Non solo fa la differenza, ma porta con sé tutte le conseguenze del caso. Ovvero la capacità di trascendere la retorica di regime e gettare uno sguardo empatico verso questa massa di disgraziati che intraprende viaggi di migliaia di km per fuggire da scenari apocalittici che è la nostra stessa civiltà a determinare.
Si potrebbe parlare a lungo di intere nazioni poste a monocultura di banane, caffé, tabacco e delle ripercussioni economiche di una minima variazione del prezzo di questi beni sulle economie di questi popoli. Si potrebbe parlare a lungo dello sfruttamento dei giacimenti di uranio o petroliferi, che rendono invivibili interi insediamenti autoctoni, forzando le popolazioni locali alla migrazione.
Ma tu queste cose le sai meglio di me.
Al di là del metodo, opinabile, ritengo che la sostanza della critica mossa al tuo articolo non debba retrocedere di un millimetro.
L’immigrato è un essere umano, che a sua volta è cosa ben diversa dal “titolare di diritti umani”, arbitrariamente sanciti dai potentati occidentali, che a sua volta è cosa ben diversa dalla “risorsa economica” della quale parli.
Su questo non ho alcun dubbio.
Salaam.
@Z:
Ciao. A me personalmente non piace abbaiare alla luna, ma (spesso) mi sono simpatici coloro che lo fanno.
L’immigrato non è una risorsa “economica”. E’ una risorsa, punto. Perchè porta “nuovo” dentro il vecchio.
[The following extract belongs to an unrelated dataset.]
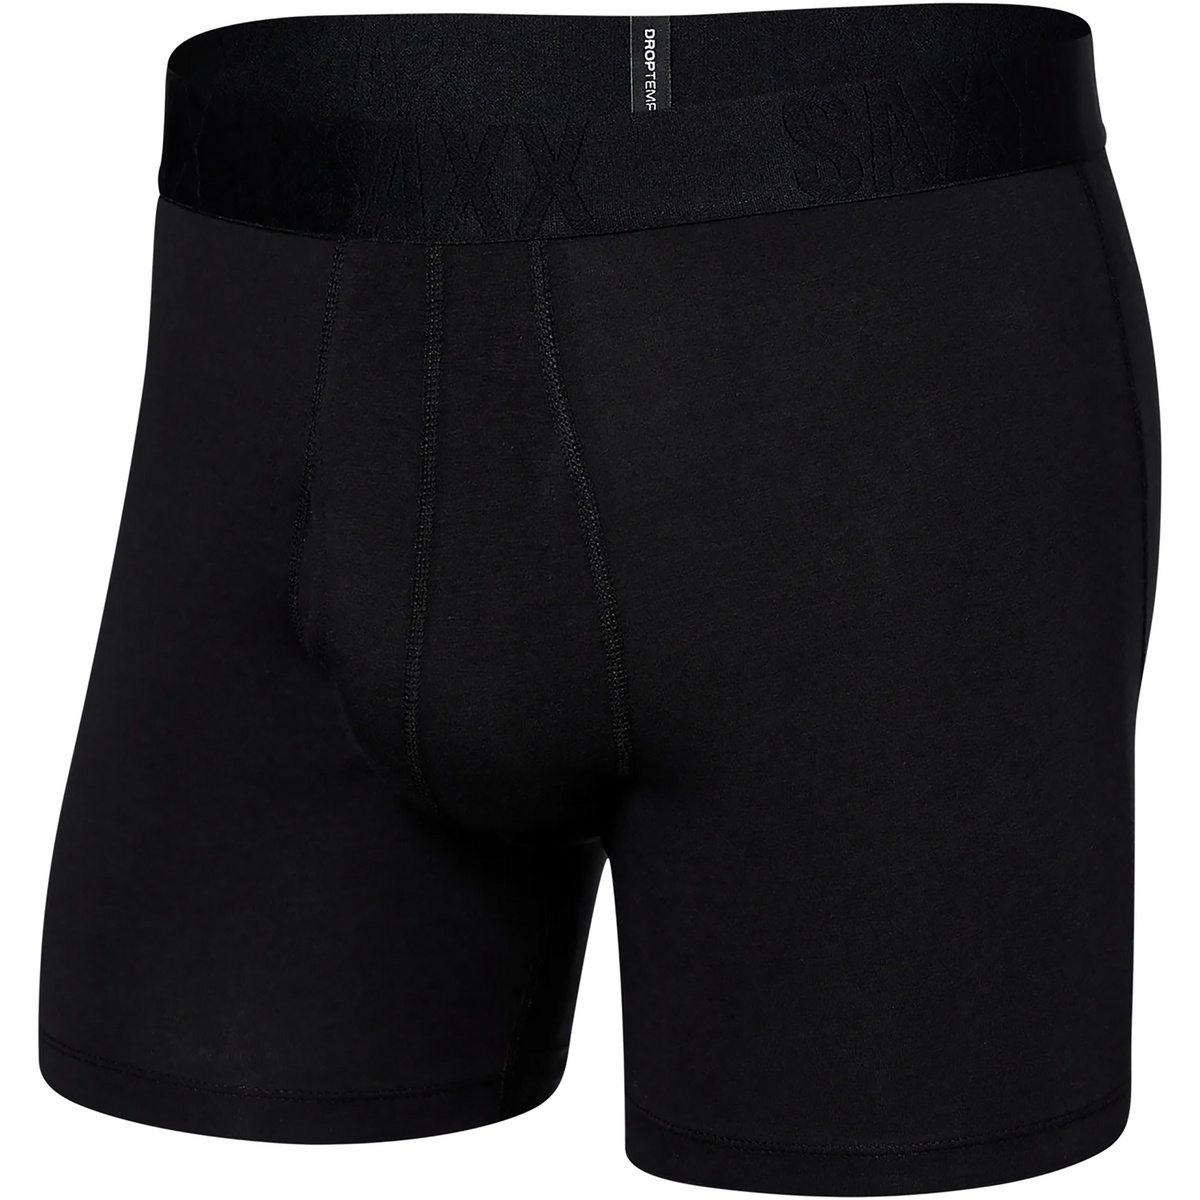 Image of Saxx Underwear Uomo Boxer Droptemp Cooling Cotton

Perchè sia SOLO una risorsa e non diventi (suo malgrado, ovviamente: mica è colpa sua!) un “problema” il flusso migratorio va gestito: perchè uno ad uno siamo tutti “risorse” ma se siamo una marea possiamo diventare un “problema”.
SUl fatto che l’immigrazione è provocata da un sistema economico mondiale profondamente INGIUSTO e DA CAMBIARE sfondi una porta splancata, e lo sai.
Non preoccuparti del modo come dici le cose: so distinguere chi insulta da chi difende con passione le sue idee (e questi secondi, come ti ho già detto, li apprezzo SOPRATTUTTO quando mi criticano)
“L’immigrato è un essere umano, che a sua volta è cosa ben diversa dal “titolare di diritti umani”, arbitrariamente sanciti dai potentati occidentali, che a sua volta è cosa ben diversa dalla “risorsa economica” della quale parli.”
Nenach’io ho dubbi su questo. Per risorsa, ribadisco, non intendo risorsa economica.
UN sorriso a te.
Carlo
Ho riletto l’articolo: hai ragione…non parli (esplicitamente) di risorsa economica.